The offering will be marketed either directly by Nvidia for DGX servers hosted in Equinix data centers, or through OCI, Oracle’s public cloud. Finally, Microsoft Azure and Google GCP are also supposed to host this service. According to Nvidia, it can be assumed that integrators will subscribe to the offer in order to offer it to their customers, with the offer being multi-client capable, i.e. able to manage and bill several groups of simultaneous users. In any case, the resources used are dedicated, ie there is no need to worry about a random drop in performance depending on the number of applications running at the same time.
AWS and Azure, the two leading public cloud infrastructure providers, cannot be outdone and have announced that they have already deployed server farms with H100 cards. Unlike cloud DGX offerings that replicate physical DGX servers online, AWS and Azure offerings are marketed as either bare-metal VM farms or relaxing off-the-shelf AI services on Nvidia’s latest accelerators.
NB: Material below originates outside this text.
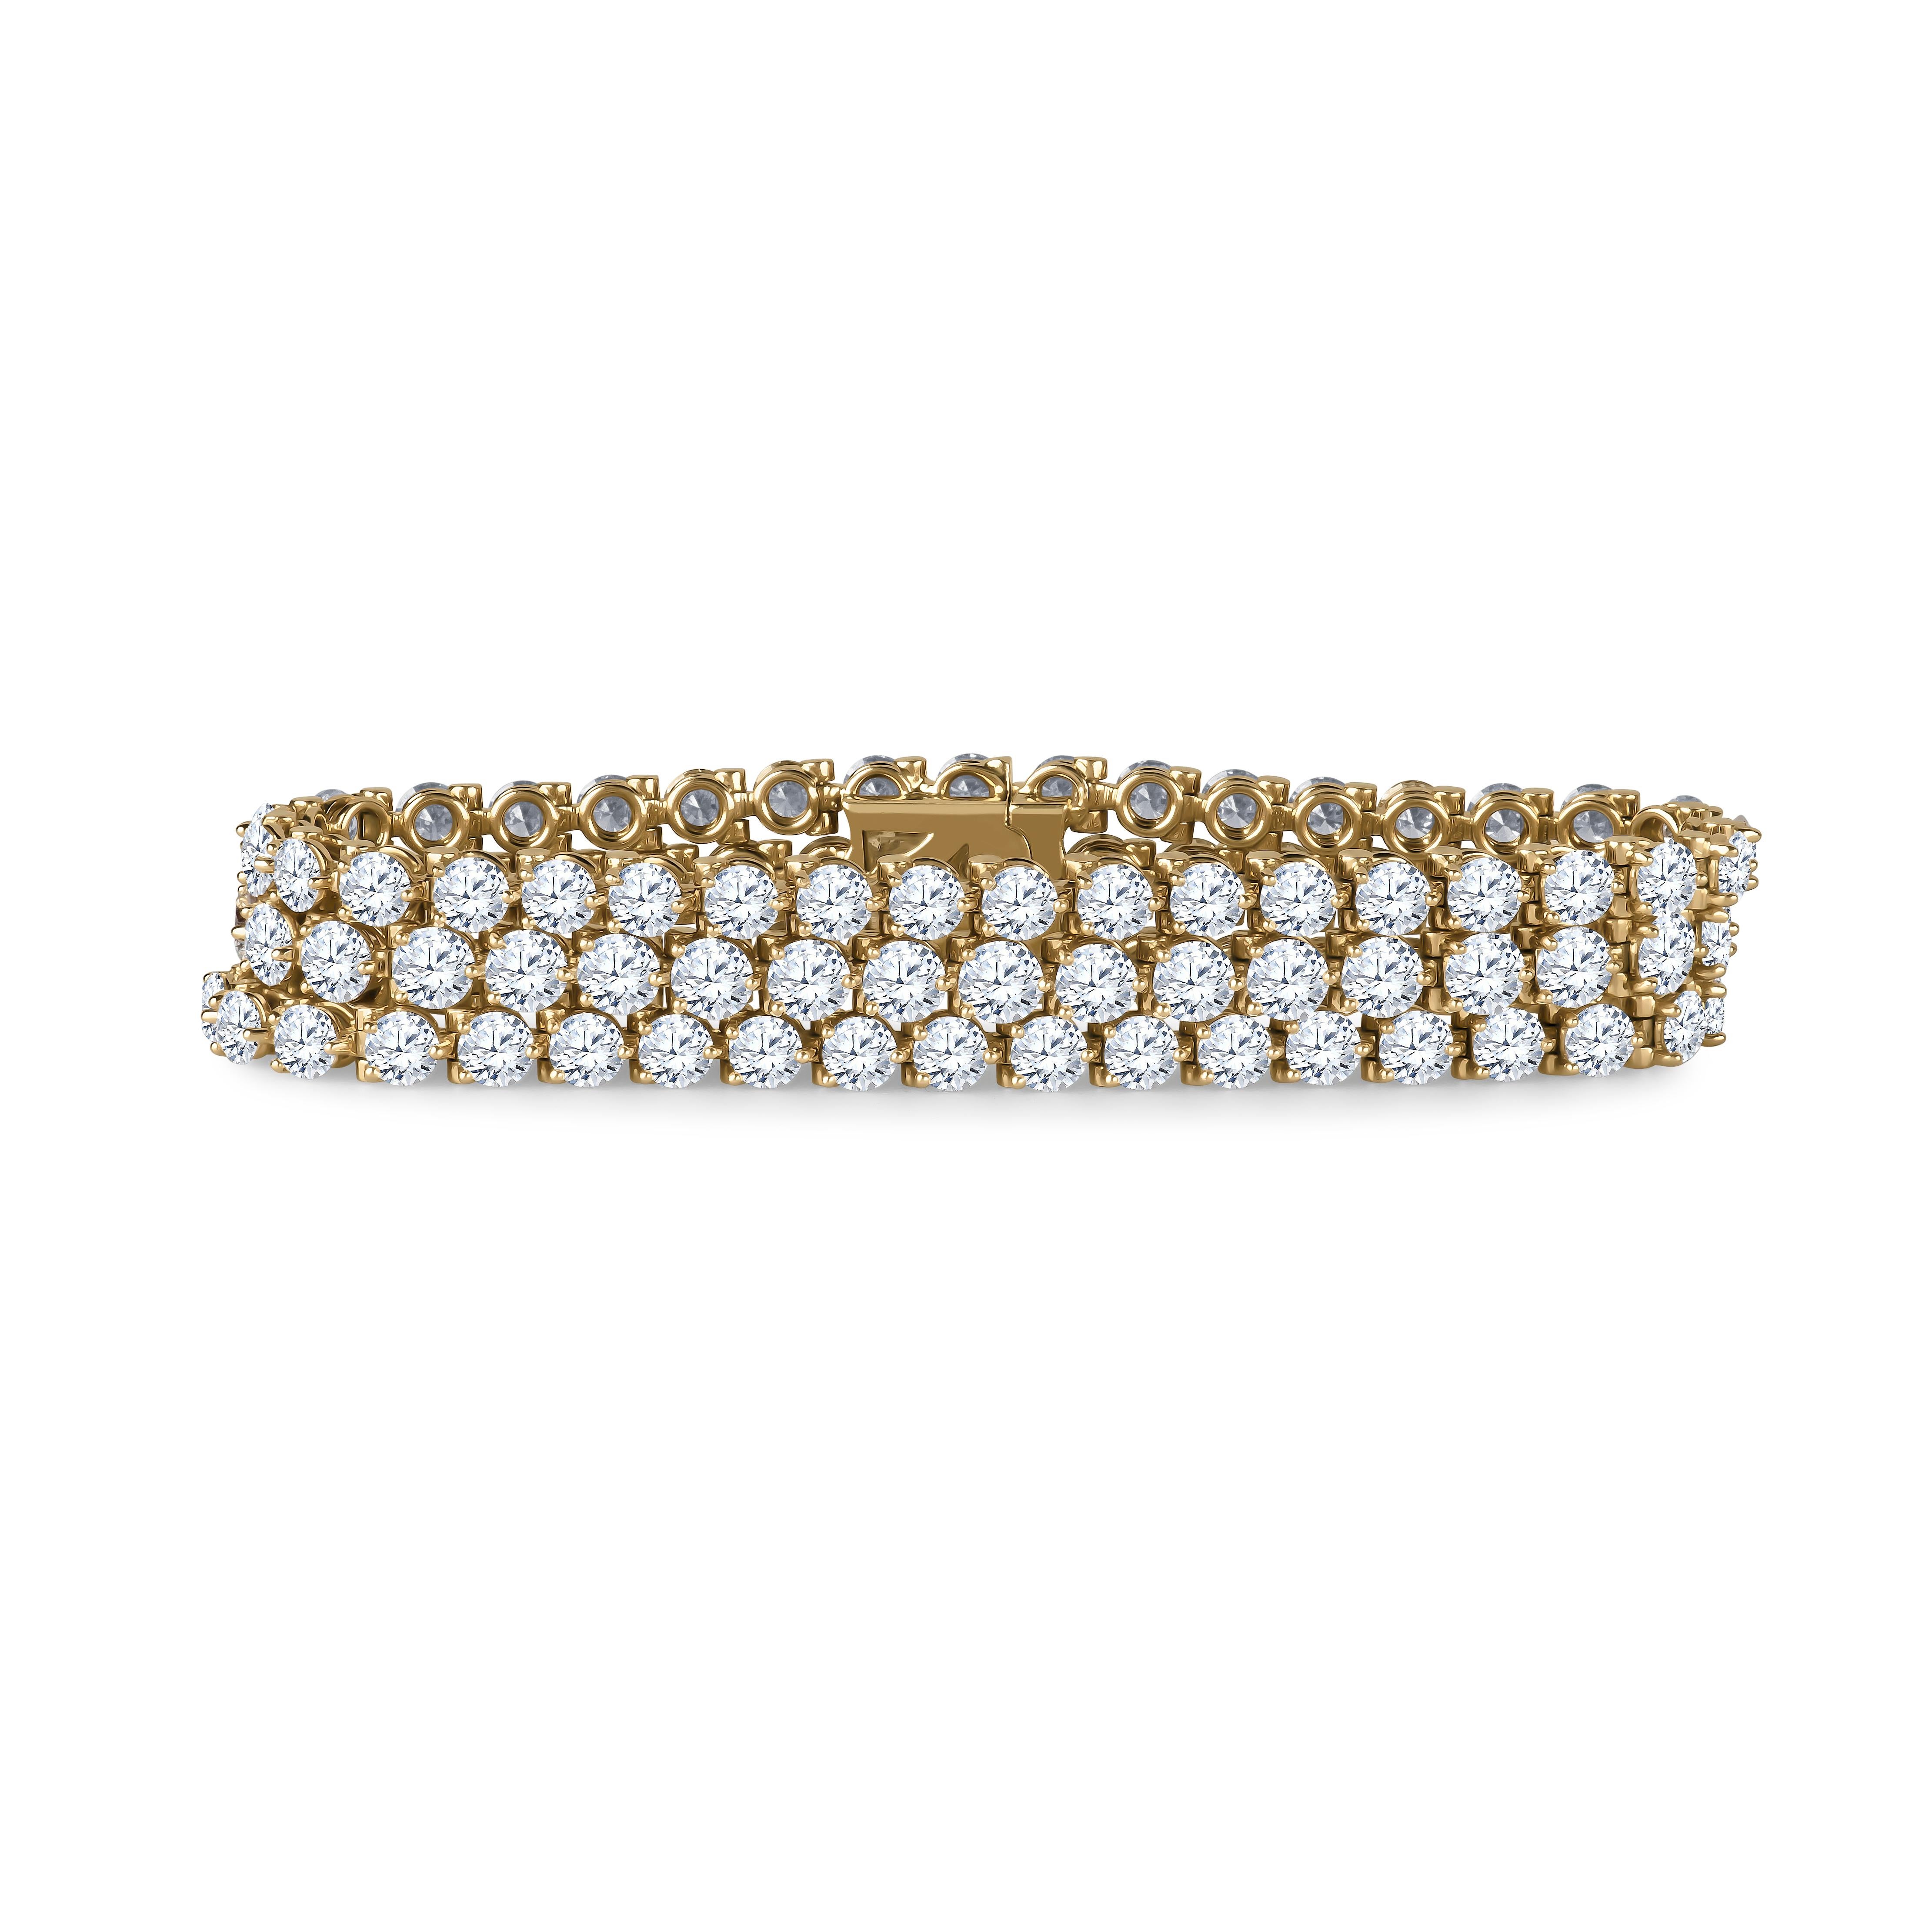 Cartier 18k yellow gold 3-row bracelet with approximately 26.71 carat total weight in Diamonds. Beautifully matched diamonds of D-F color, VVS1-VS2 clarity.  Comes with Cartier inner and outer box.

Of course, the owner of a local DGX server can of course extend its performance with online DGXs from OCI or Equinix – the software is the same – while the offerings from AWS and Azure are standalone.
In addition to the infrastructure itself, Nvidia also markets ready-made functional services in the form of PaaS resources that can be used in other applications. These are NeMo for interpreting and generating text content, Picasso for interpreting and generating images, videos or 3D objects and BioNeMO for creating scientific reports from research data.